The Cartesian plane is formed by using two directed real number lines intersecting at right angles, as shown in below figure. Each directed line is called a coordinate axis. The horizontal directed line is called the x–axis and the vertical directed line is called the y–axis. The point of intersection of these two axes is called the origin and is denoted by the letter ‘O’.

















Each point in the Cartesian plane corresponds to an ordered pair (x, y) of real numbers x and y, called coordinates of the point. The x–coordinate, also known as abscissa, represents the directed distance from the y–axis to the point and the y–coordinate, also known as ordinate, represents the directed distance from the x–axis to the point, as shown in above figure.

Use of quadrants Use of quadrants The use of quadrants is important to map our vast and immense galaxy. Astronomers have divided it into different galactic quadrants, such as first, second, third and fourth.
Quadrants

The x and y axes divide the Cartesian plane into four regions called quadrants. Each of the four quadrants is designated by a Roman numeral, I, II, III, or IV. Quadrant I contains all coordinates with positive x and positive y values (+, +); Quadrant II contains all coordinates with negative x and positive y values (−, +); Quadrant III contains all coordinates with negative x and negative y values (−, −); and Quadrant IV contains all coordinates with positive x and negative y values (+, −).

Angles in Quadrants

Various types of angles were discussed earlier: acute angle, right angle, obtuse angle, straight angle, reflex angle and complete angle. Let us know where these angles lie w.r.t. quadrants.

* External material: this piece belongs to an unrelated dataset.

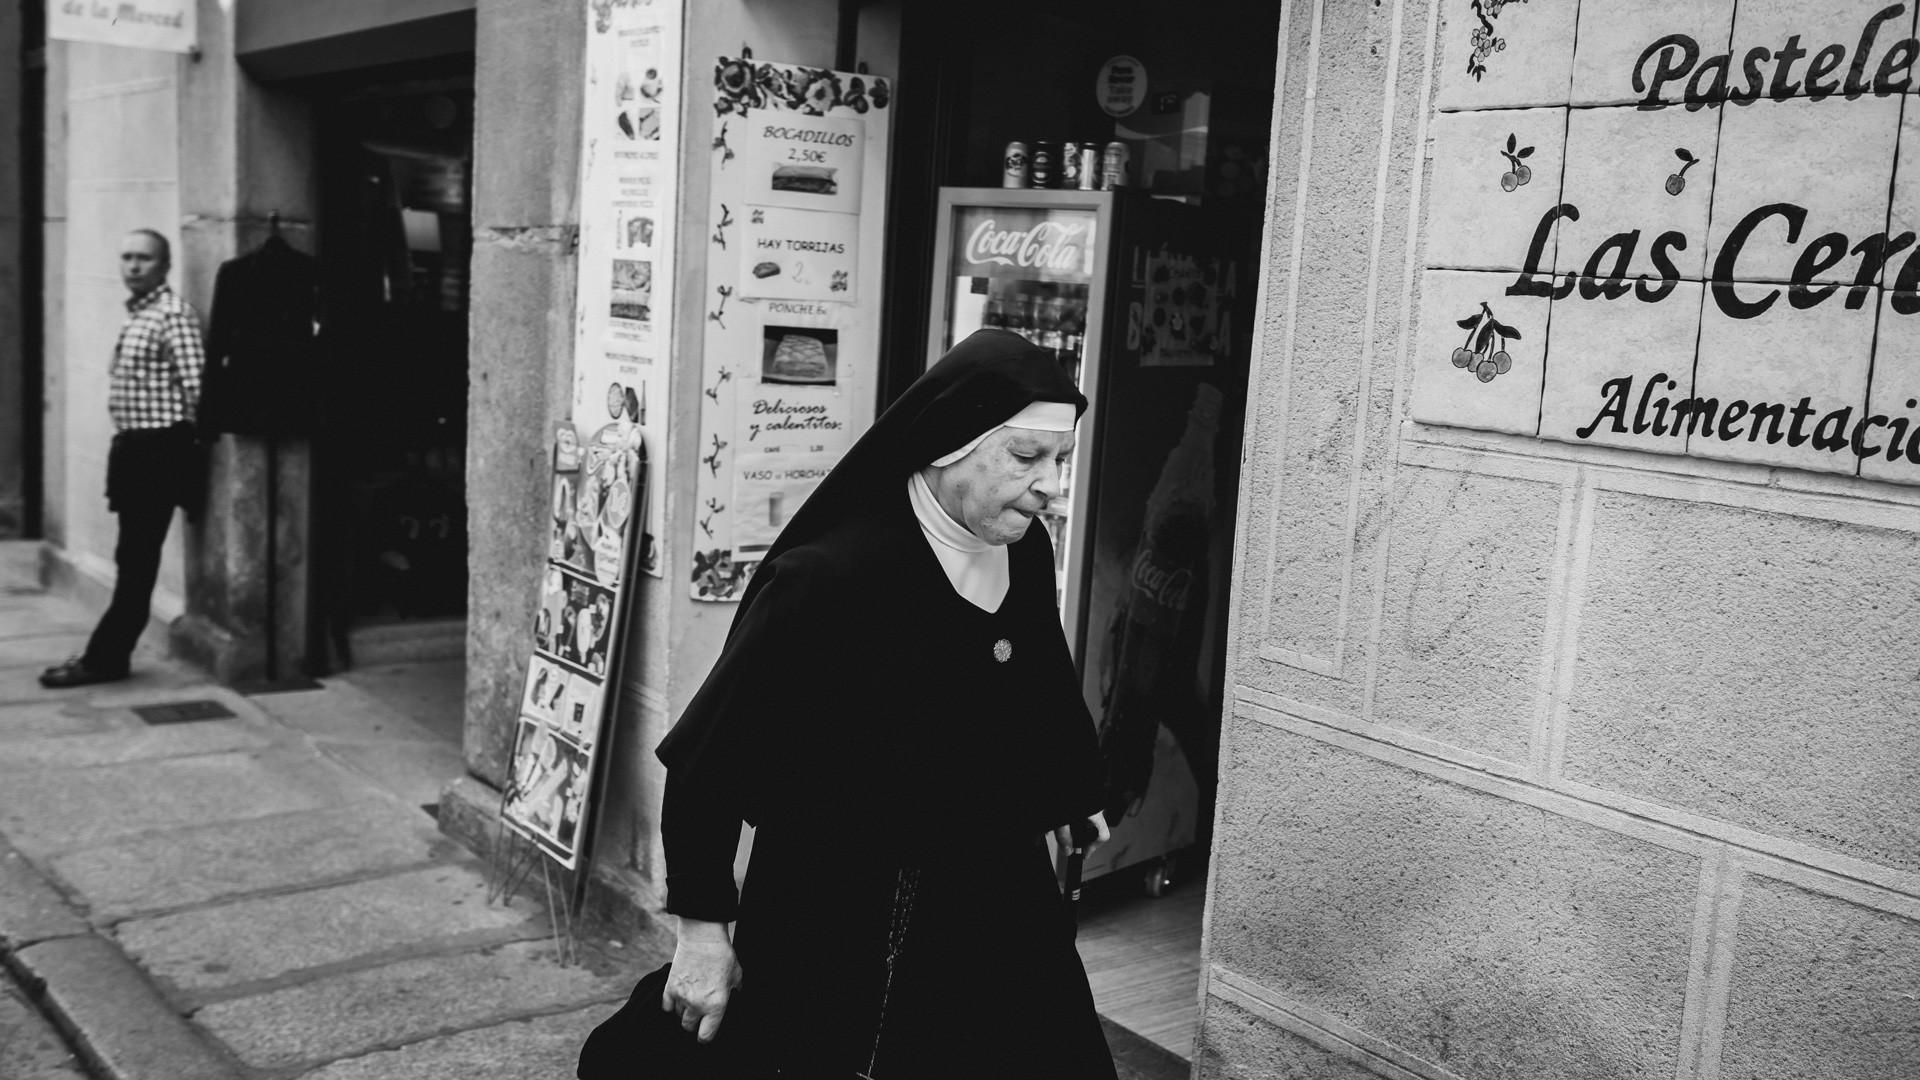 Damien-Dohmen-Photographe-Madrid-20

Consider initial ray of the angle as the positive direction of the x-axis. The table below and the adjacent figure show in which quadrant the terminal ray is located.

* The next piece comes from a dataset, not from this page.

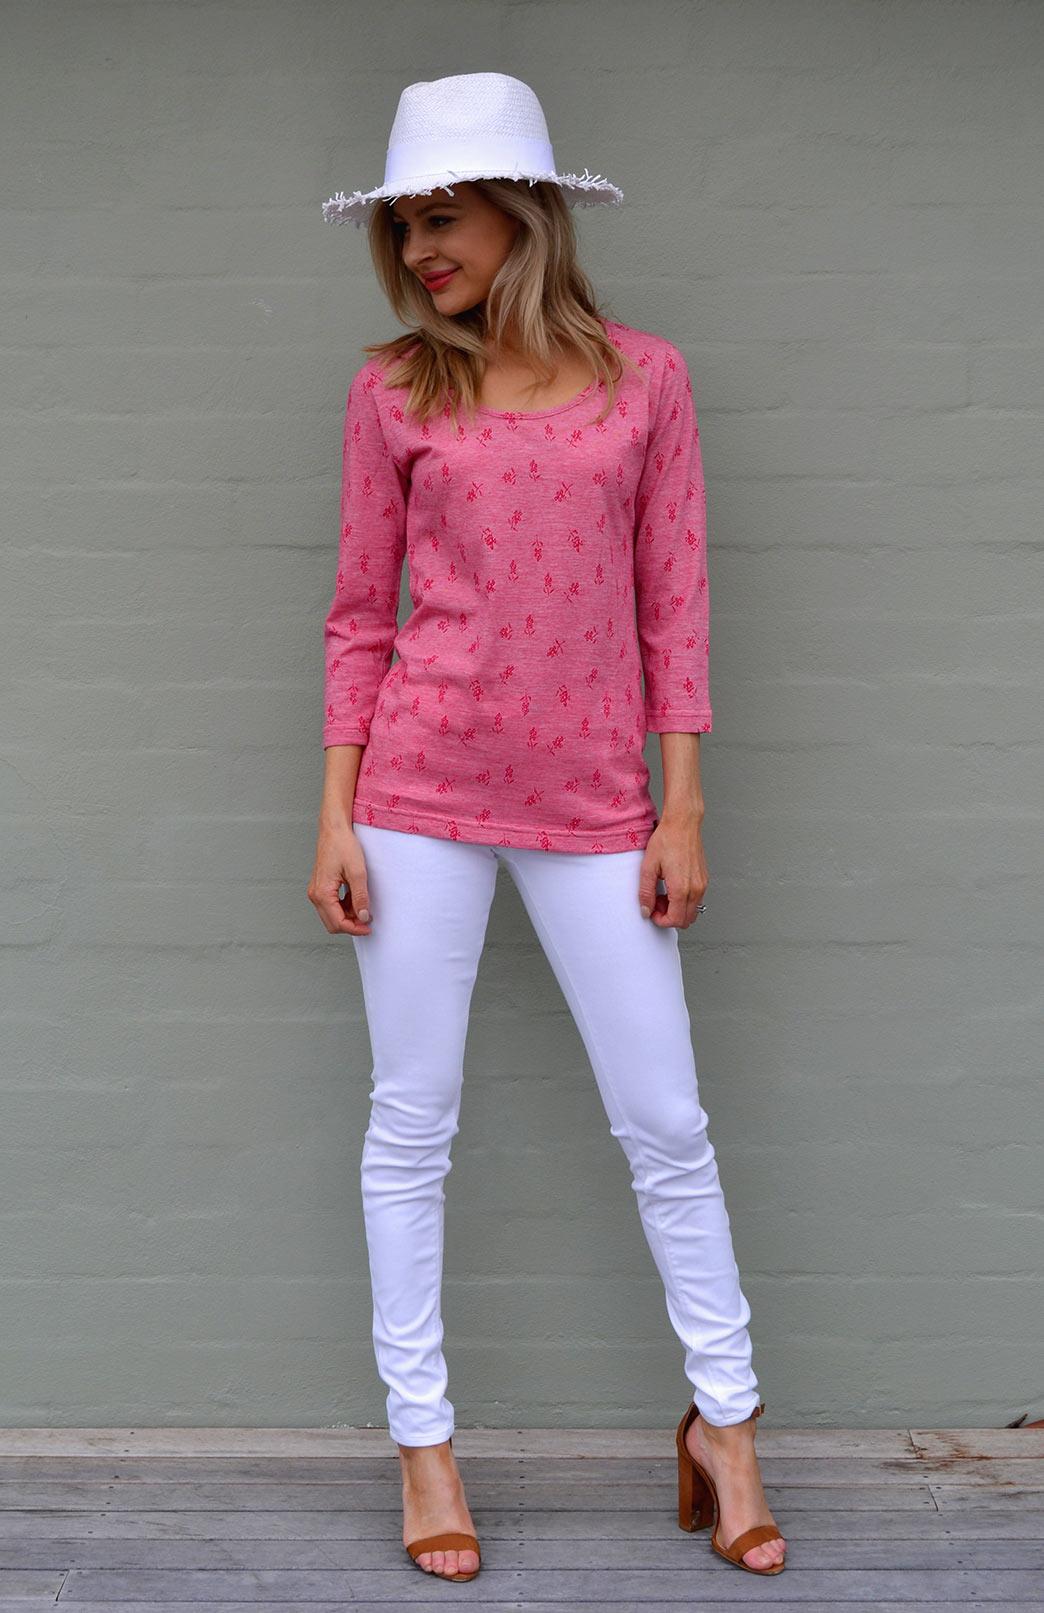 Sienna Top - Women's Red Pattern Merino Cotton Blend 3/4 Sleeved Scoop Neck Top with Fitted Body - Smitten Merino Tasmania Australia

S.No. Type of angle Measure of an angle Terminal ray position
1 Acute angle 0° < θ < 90° I quadrant
2 Right angle θ = 90° On the positive y-axis
3 Obtuse angle 90° < θ < 180° II quadrant
4 Straight angle θ = 180° On the negative x-axis
5 Reflex angle 180° < θ < 360° III and IV quadrants
6 Complete angle θ = 360° On the positive x-axis,
coinciding with terminal ray

Note: If the terminal ray of an angle lies on the axes (such as 0°, 90°, 180°, 270°, 360°), it is called a quadrantal angle.